That all seems understandable, it is the issue of populating the initial table with user data and then having to maintain that user list myself that I am wondering about.

> I would recommend you look into Redis as a backend but for a small
> install, Bayes on SQL works fine.

Yeah, SQL is going to more than meet my needs when I figure it out. I’m only precessing a few thousand emails a day.

> Also recommend you disable auto-expire and setup a cron job for that so you don't have delays when getting new mail.
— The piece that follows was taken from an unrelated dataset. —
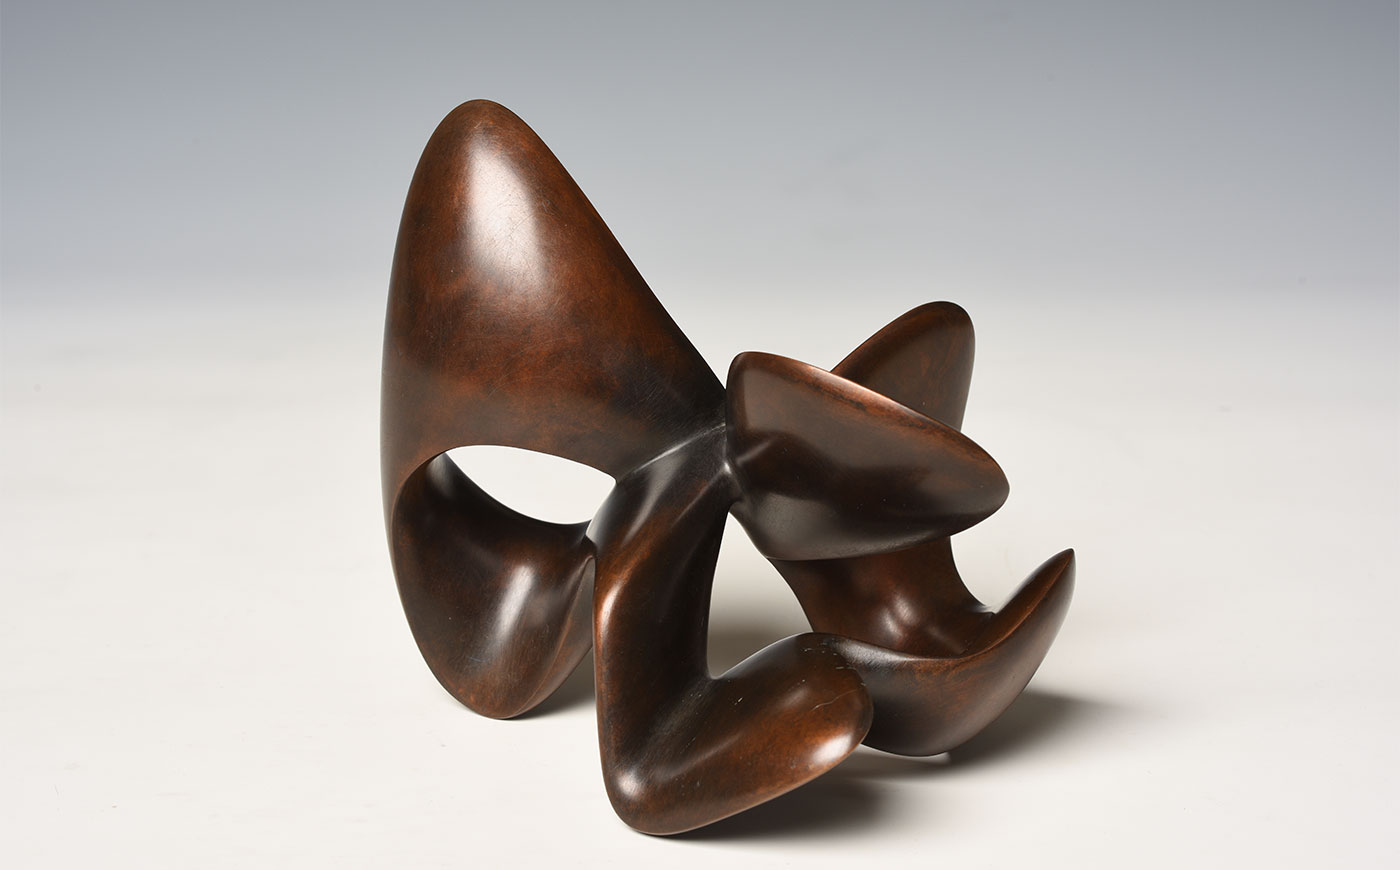 Richard Erdman abstract modern bronze sculpture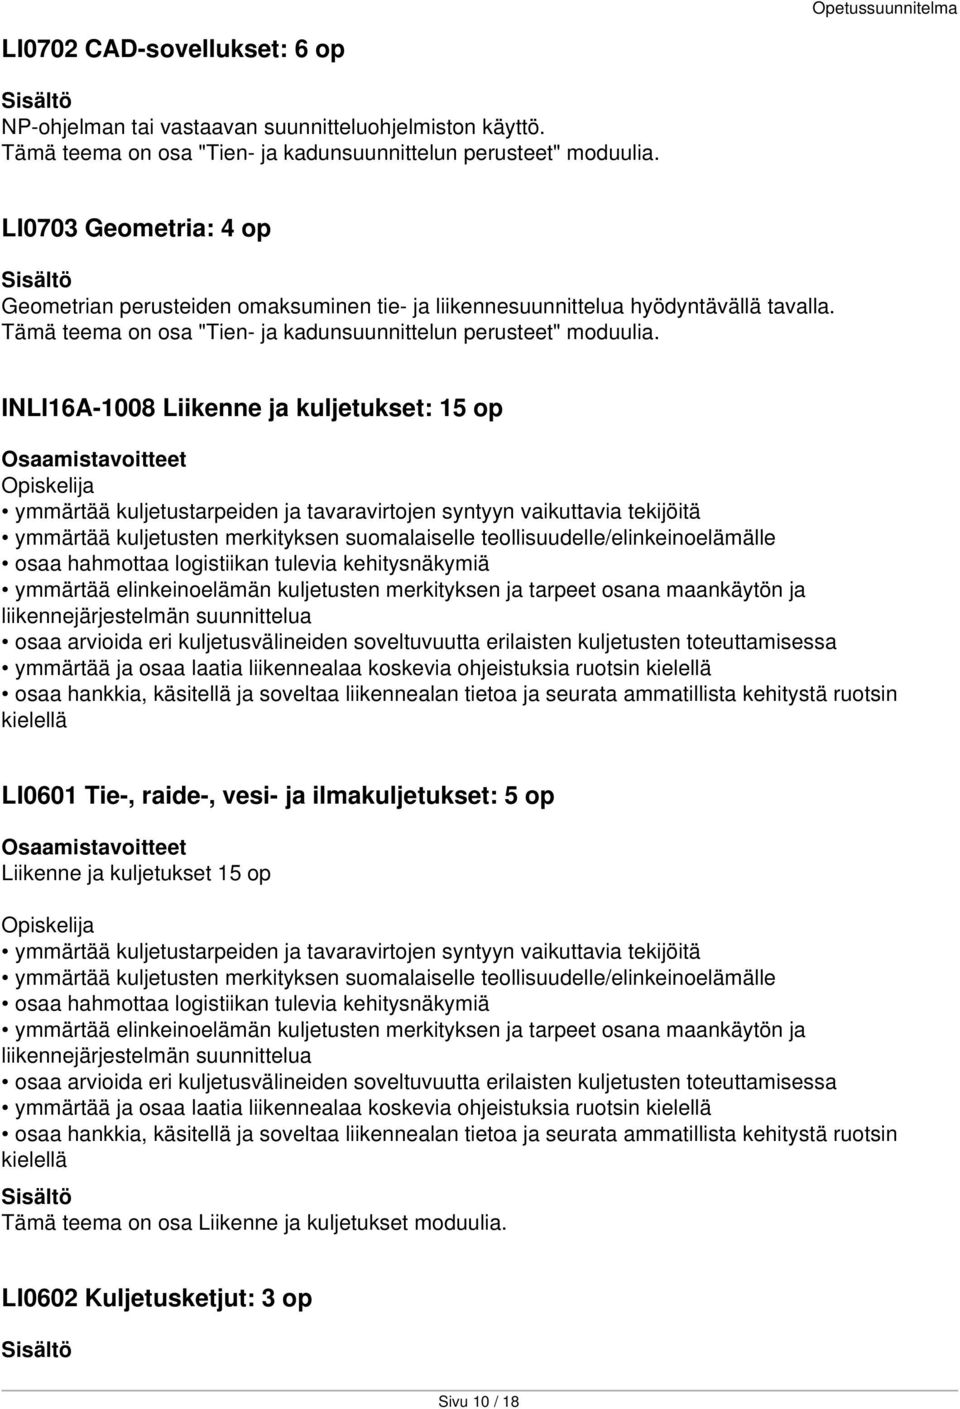 INLI16A-1008 Liikenne ja kuljetukset: 15 op ymmärtää kuljetustarpeiden ja tavaravirtojen syntyyn vaikuttavia tekijöitä ymmärtää kuljetusten merkityksen suomalaiselle teollisuudelle/elinkeinoelämälle

You mean a cron job to do the expirations I assume?


--
And crawling on the planet's face
Some insects called the human race
Lost in time, lost in space, and meaning
Re: MySQL [ In reply to ]
@lbutlr wrote:
> On 2 Jul 2019, at 14:21, Kevin A. McGrail <kmcgrail@apache.org> wrote:
>>> I guess the tl;dr version of my question (too late!) is how is the username field populated in the database?
>>
>> I think you are mixing up the user preference table and the naive bayesian table. Apologies if the docs aren't clear. Please consider cleaning them up!
>
> I can’t clean them up because I don’t understand them! ????
>
> The bayes readme says you need to have a user pref database setup first.
>
> <https://svn.apache.org/repos/asf/spamassassin/branches/3.1/sql/README.bayes>
> This assumes that you have already created a database for use with spamassassin and setup a username/password that can access that database. (See "Creating A Database", in "sql/README", if you don't have a suitable database ready.)

This refers the the SQL database username/password, not SA user data
within the database. You only need one user/password, although I
*think* if you're paranoid and willing to spend the time at it it's
possible to have separate SQL logins for different users, possibly even
complete separate databases for each user.

SA will fill in fields in the database as needed when messages are
learned; there's no need to maintain a list of your system/SA users. I
think you mentioned earlier you're using virtual users, not system
users, so you'll have to use the -u argument to sa-learn for manual
learning.

I'm not sure there's a better way to word that section.

-kgd